In the world we’re fashioning, we value tweets and memes and Facebook Live. Quality writing? Not so much. You might want to debate that point, but until you’re willing to do so with your pocketbook, it’s all just empty noise. Yes, there are exceptions. Some people still make a living by writing, even a comfortable one. This proves nothing. A patient with a chronic, wasting illness still enjoys occasional “good days” and periodic bursts of energy. They’re no proof that the patient is any less ill, the condition any less serious.

Such “good days” will become less frequent with the passage of time, until at last they’re whittled down from few to none.
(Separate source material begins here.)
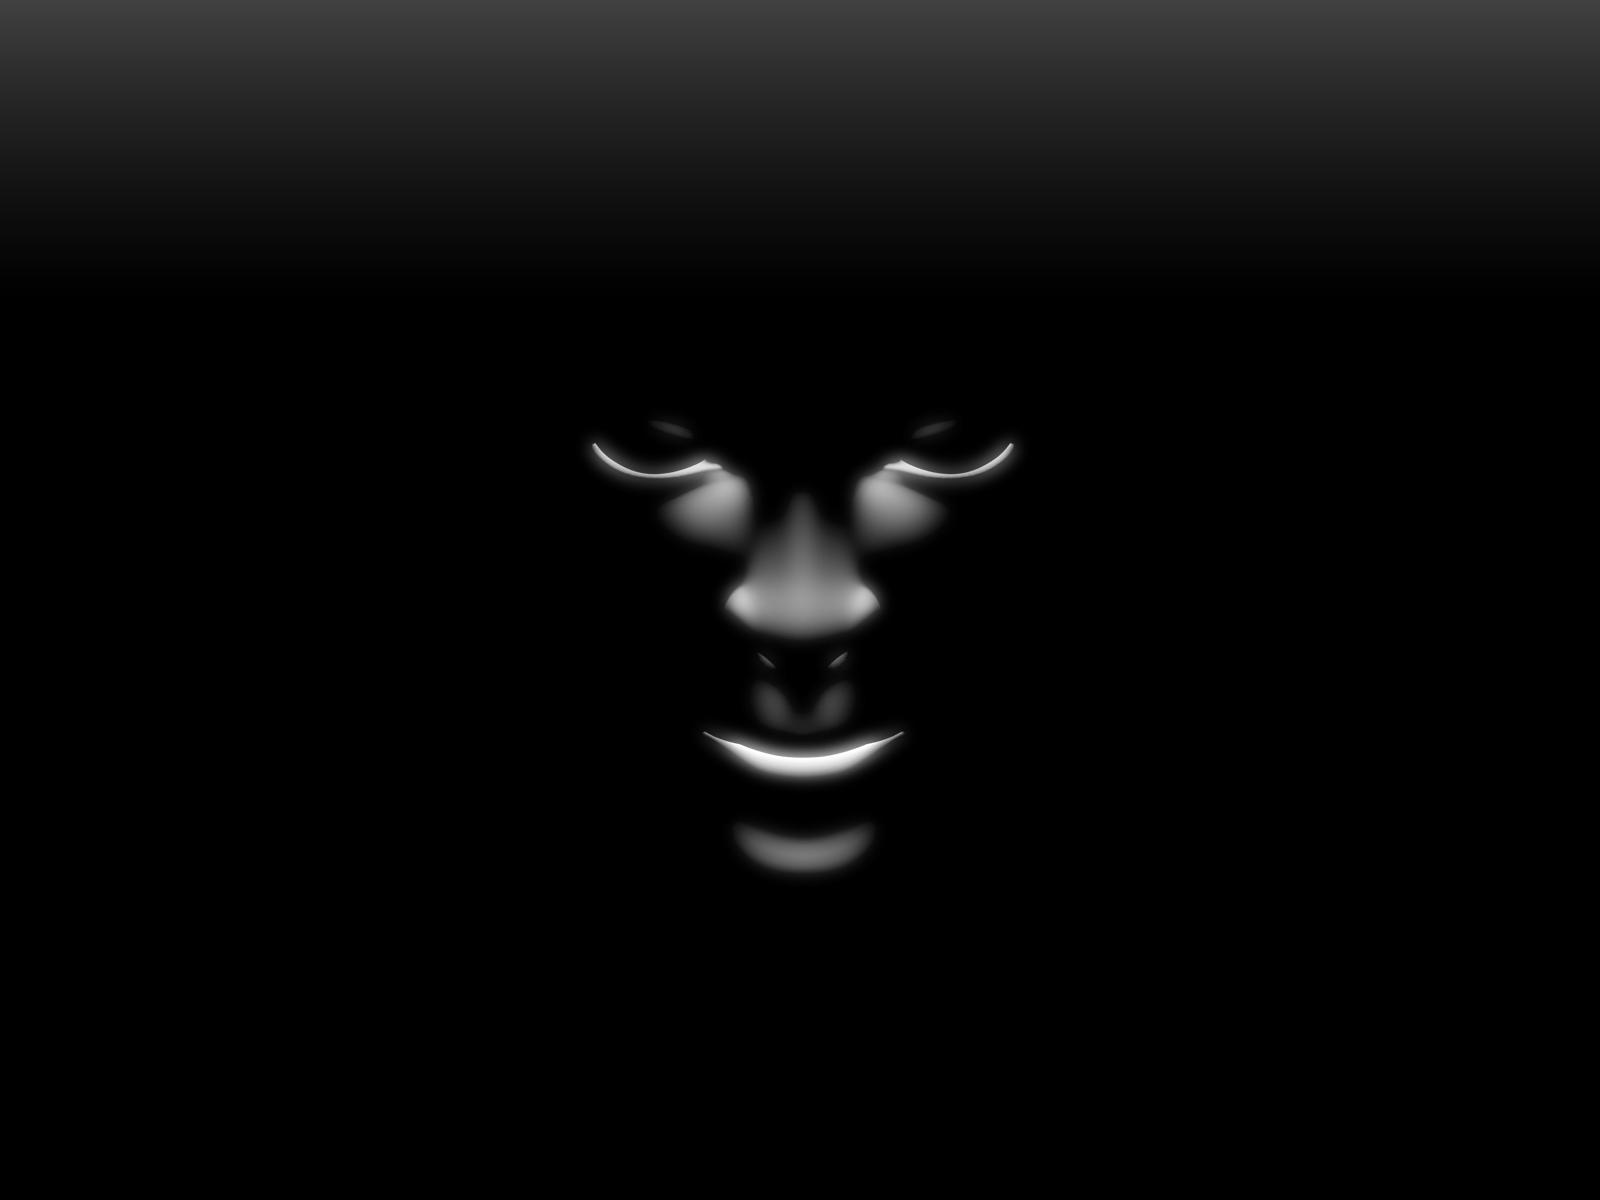 Black Shadow Face   Black Wallpaper 28305464 1600x1200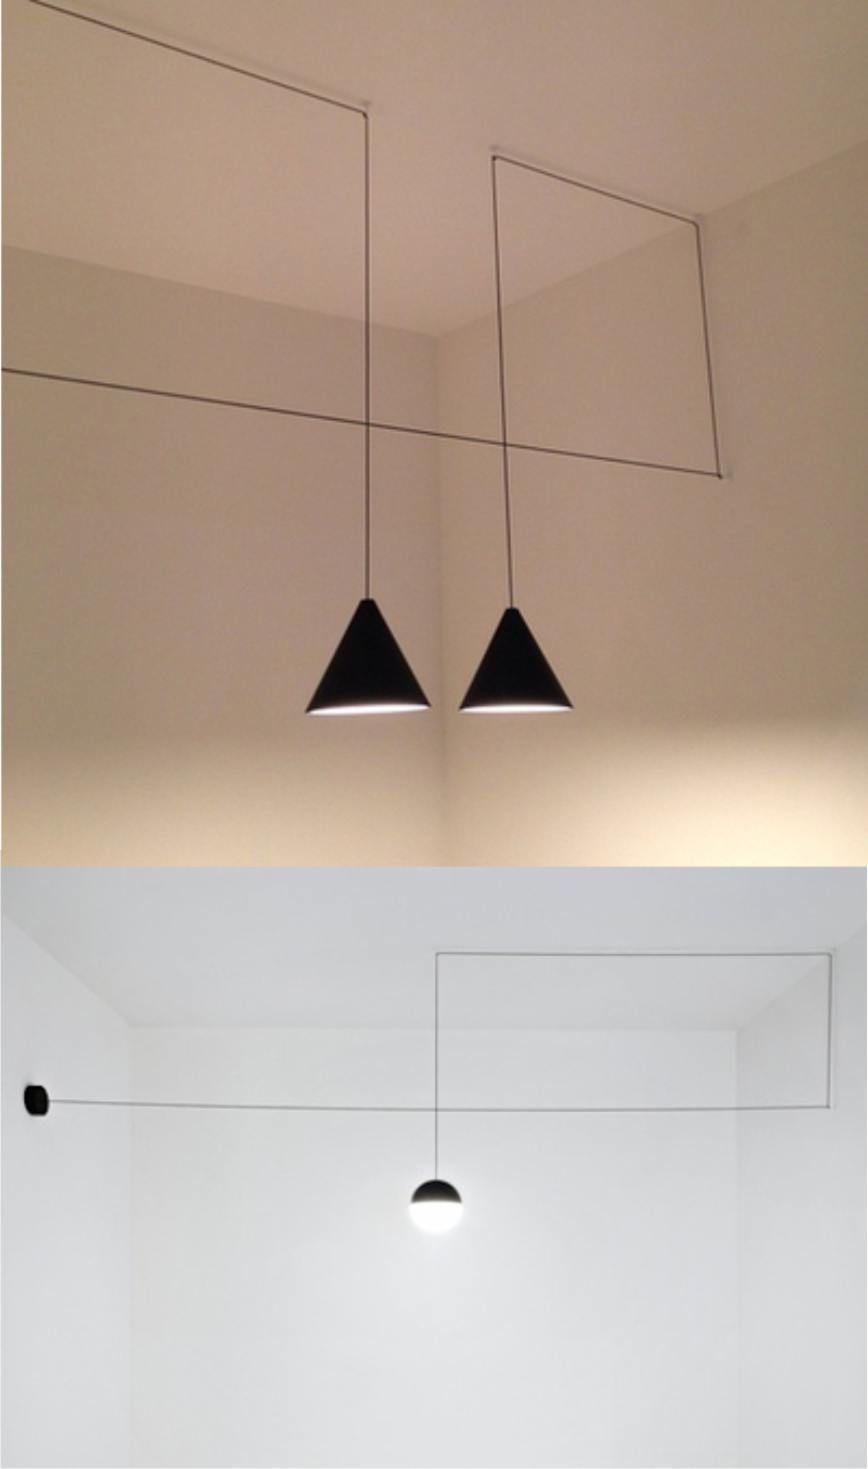 lampara colgante hilo muy ingenioso.jpg 868×1.469 píxeles

Is that what will happen to literacy? Time will tell. It would be cruelly ironic if some hothead’s reckless tweets were to result in a catastrophic war — a war that might reduce our “information superhighway” to cyber-rubble. Such a tragedy would obliterate our carefully crafted virtual world of denial and convenience, and if that were to happen, we might need writing again, just to communicate.

This is not to suggest that our only choice lies between a nuclear and literary wasteland. Far from it. With some luck and just a little restraint, the nuclear button will never be pushed, and we can avert a literary apocalypse, as well. There are, after all, alternatives. Most notably, we could celebrate writing again — something we haven’t been doing.

We denigrate reporters as purveyors of “fake news,” dismiss authors as hobbyists and degrade those who instruct us in the language by quipping, “Those who can’t, teach.” Is writing really a marketable skill? Shouldn’t university students be taking practical courses like business, engineering or computer technology?

Such thinking could lead us to a real-life Tower of Babel, that engineering marvel from the realm of lore that remained unfinished because all those talented architects and builders forgot how to communicate ... just as we're doing right now.

But what if, instead of devaluing the written word, we exalted it once more and encouraged those who sought to master it? What if we invested in the authors and reporters and editors and English teachers who have made it their passion? The more we value writing, the more people will aspire to fill these roles; the more accomplished those people will become, and the greater the rewards will be, not only for those who read their work, but for society as a whole.

That’s not fake news. You have my word(s) on it.